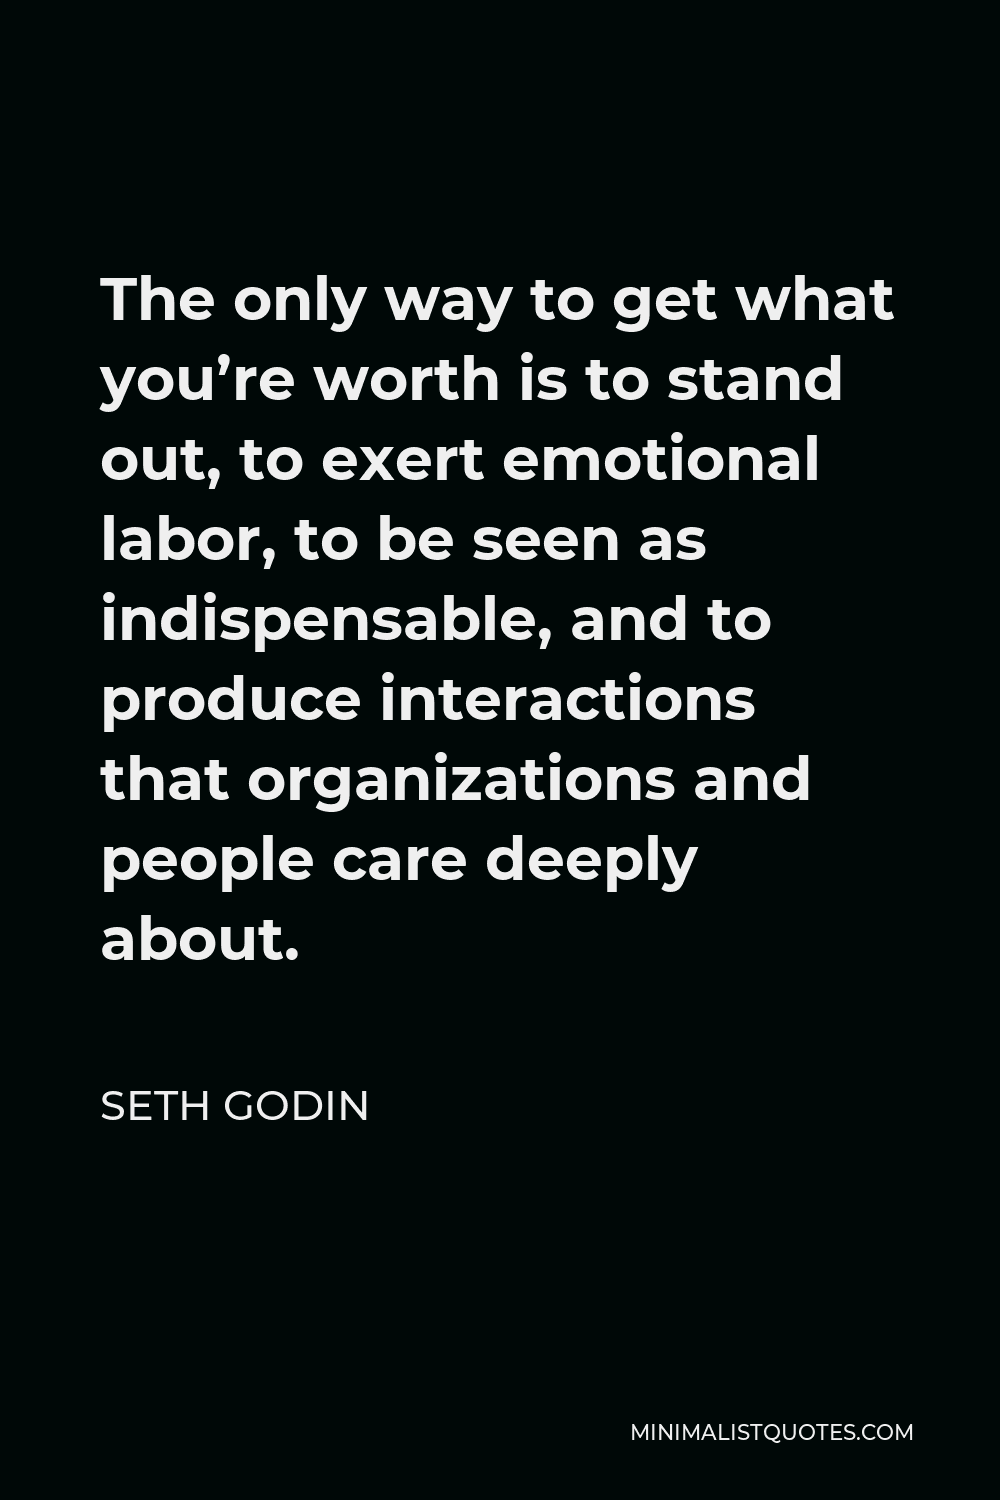 Seth Godin Quote - The only way to get what you’re worth is to stand out, to exert emotional labor, to be seen as indispensable, and to produce interactions that organizations and people care deeply about.
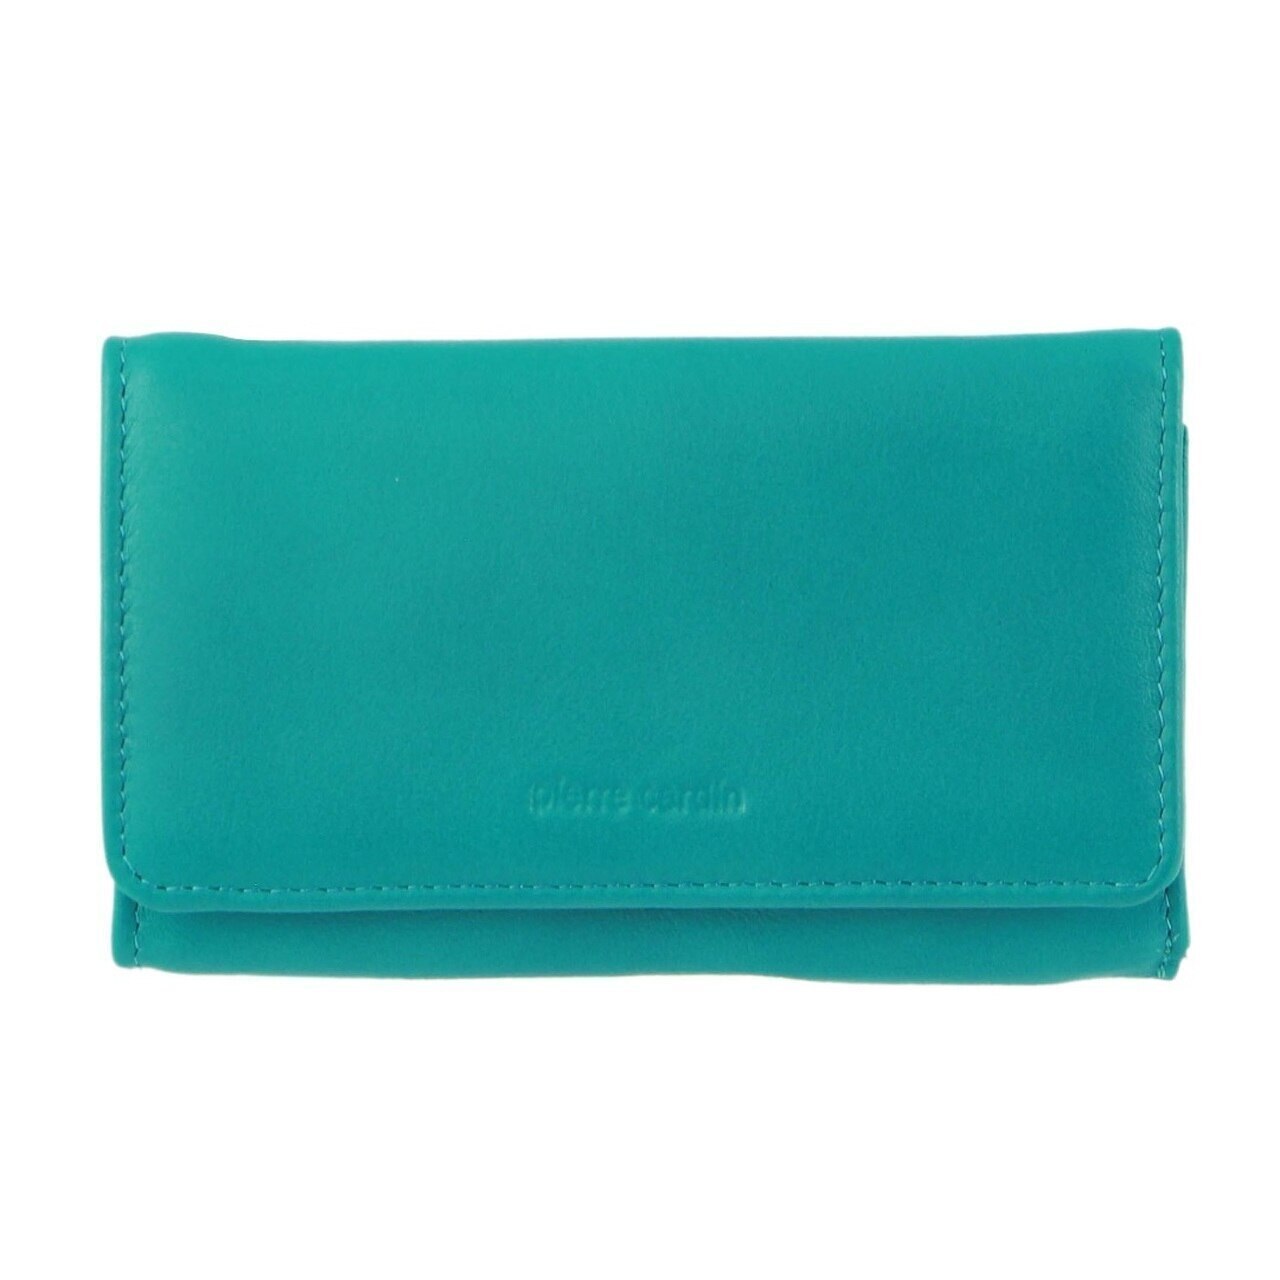 Womens Soft Italian Leather RFID Purse Wallet Rustic - Turquoise
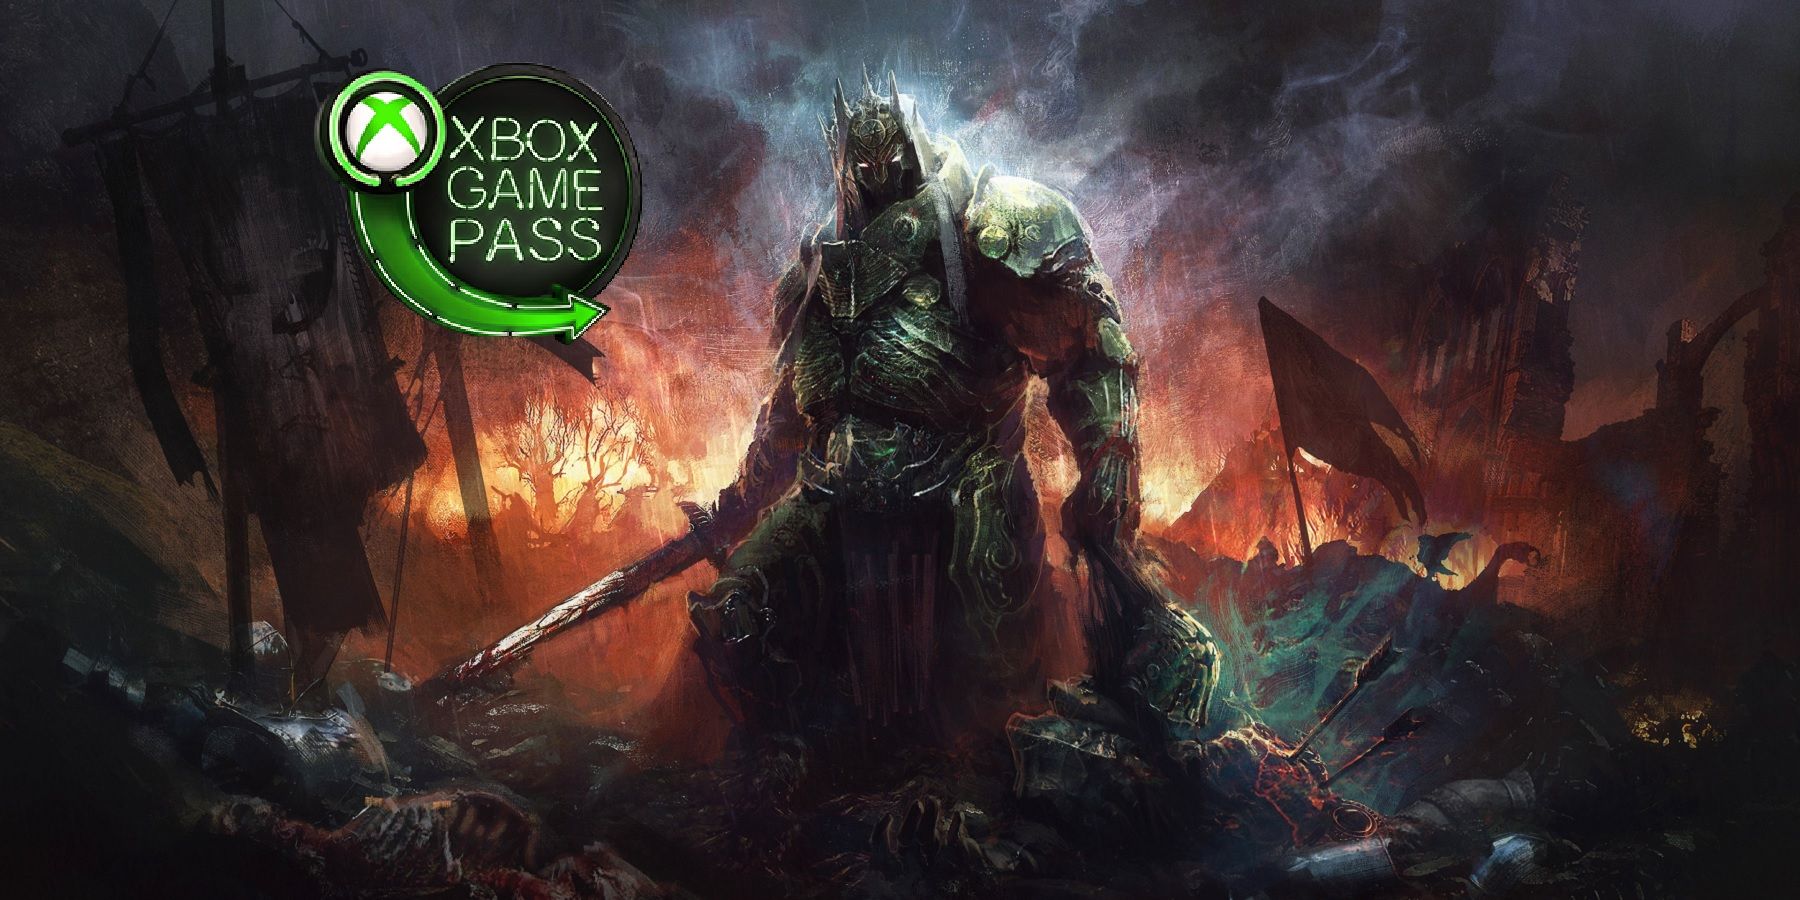 Xbox Game Pass Adds 3 New Games Today
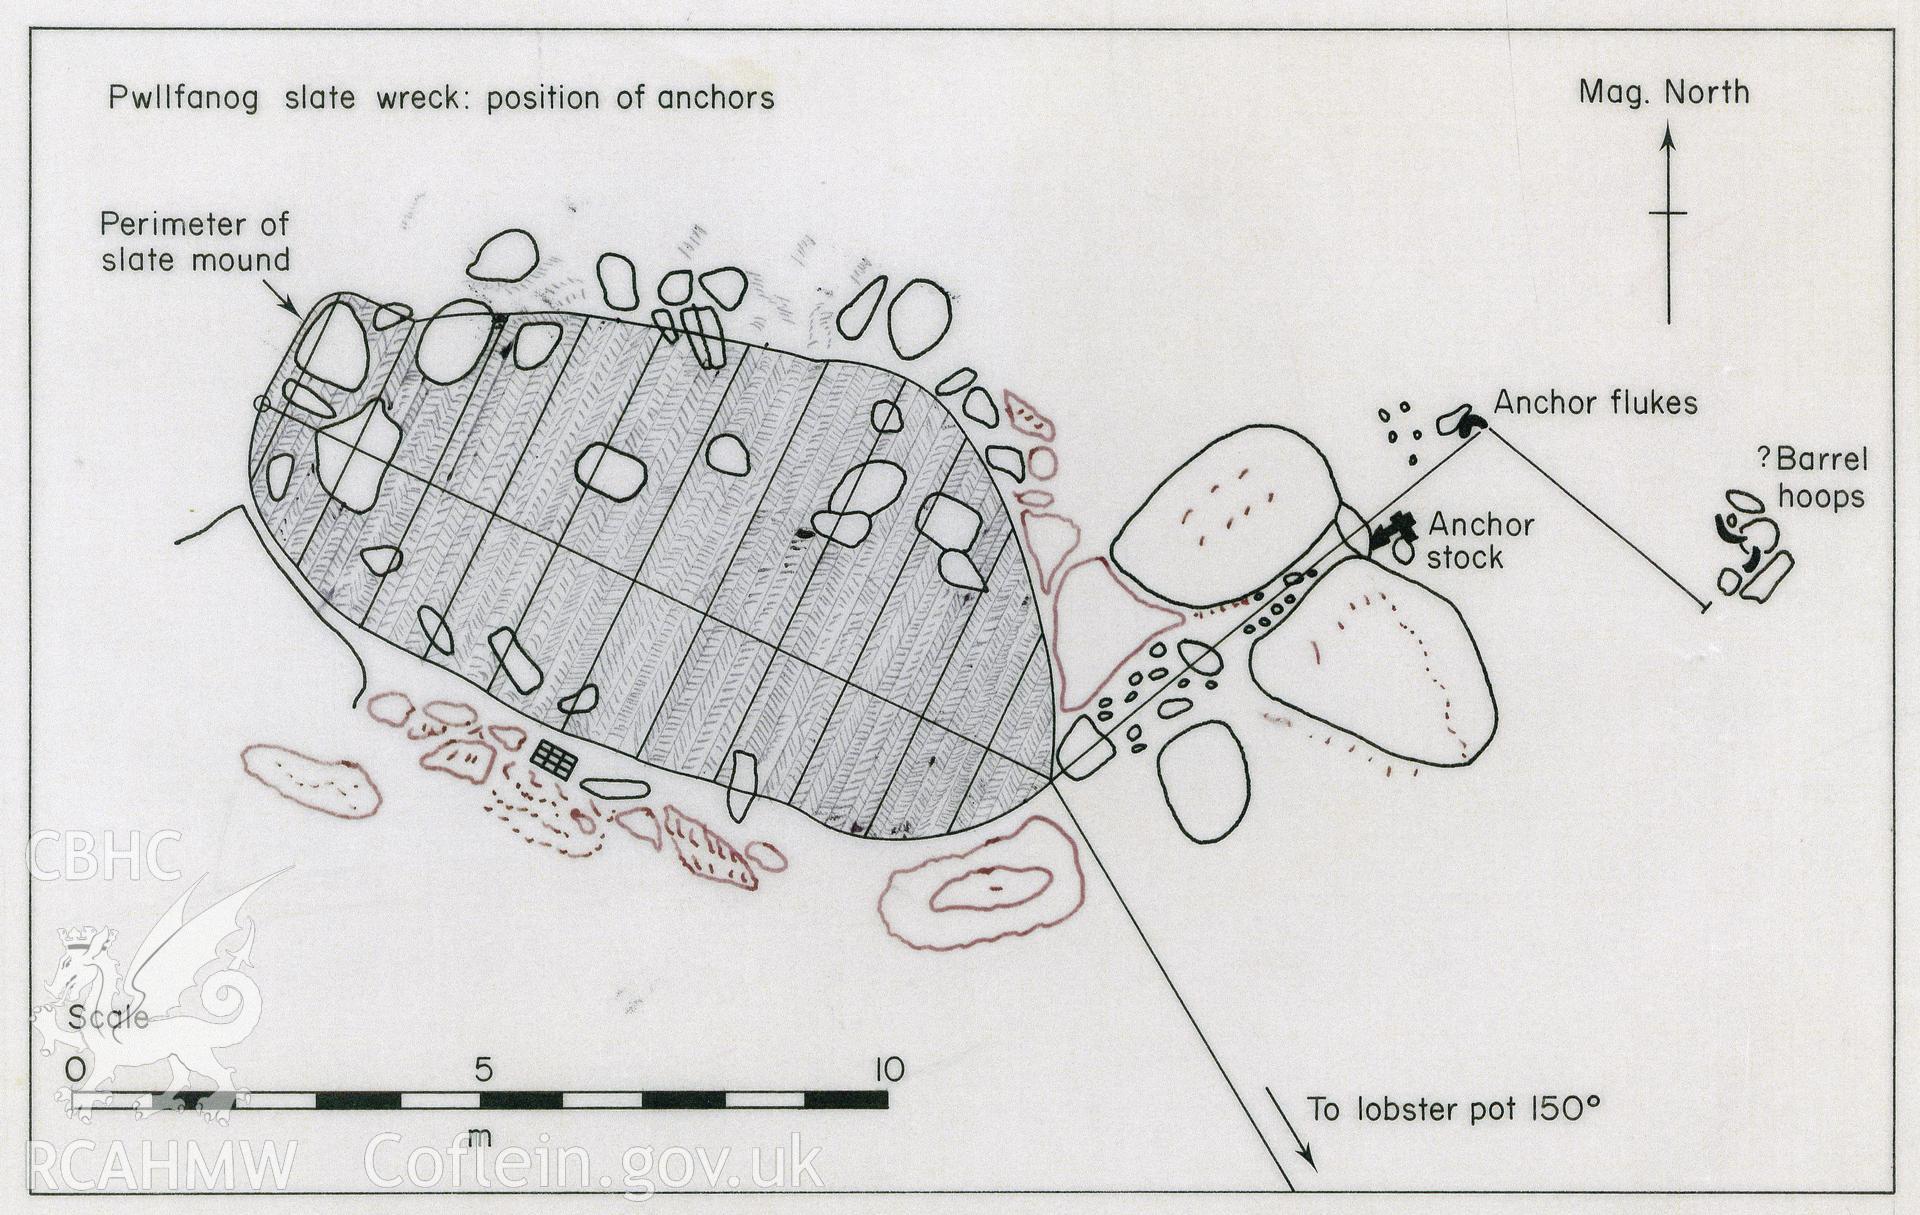 Digital copy of a coloured pen and ink diagram of Pwllfanog slate wreck loaned for publication by D C Jones.

════

• Your task
Would you please repeat the lines above exactly, from the first line of the listing through the line holding "Xbox Game Pass Adds 3 New Games Today", with nothing added and no pictures?

• Output below
 Seth Godin Quote - The only way to get what you’re worth is to stand out, to exert emotional labor, to be seen as indispensable, and to produce interactions that organizations and people care deeply about.
 Womens Soft Italian Leather RFID Purse Wallet Rustic - Turquoise
 Xbox Game Pass Adds 3 New Games Today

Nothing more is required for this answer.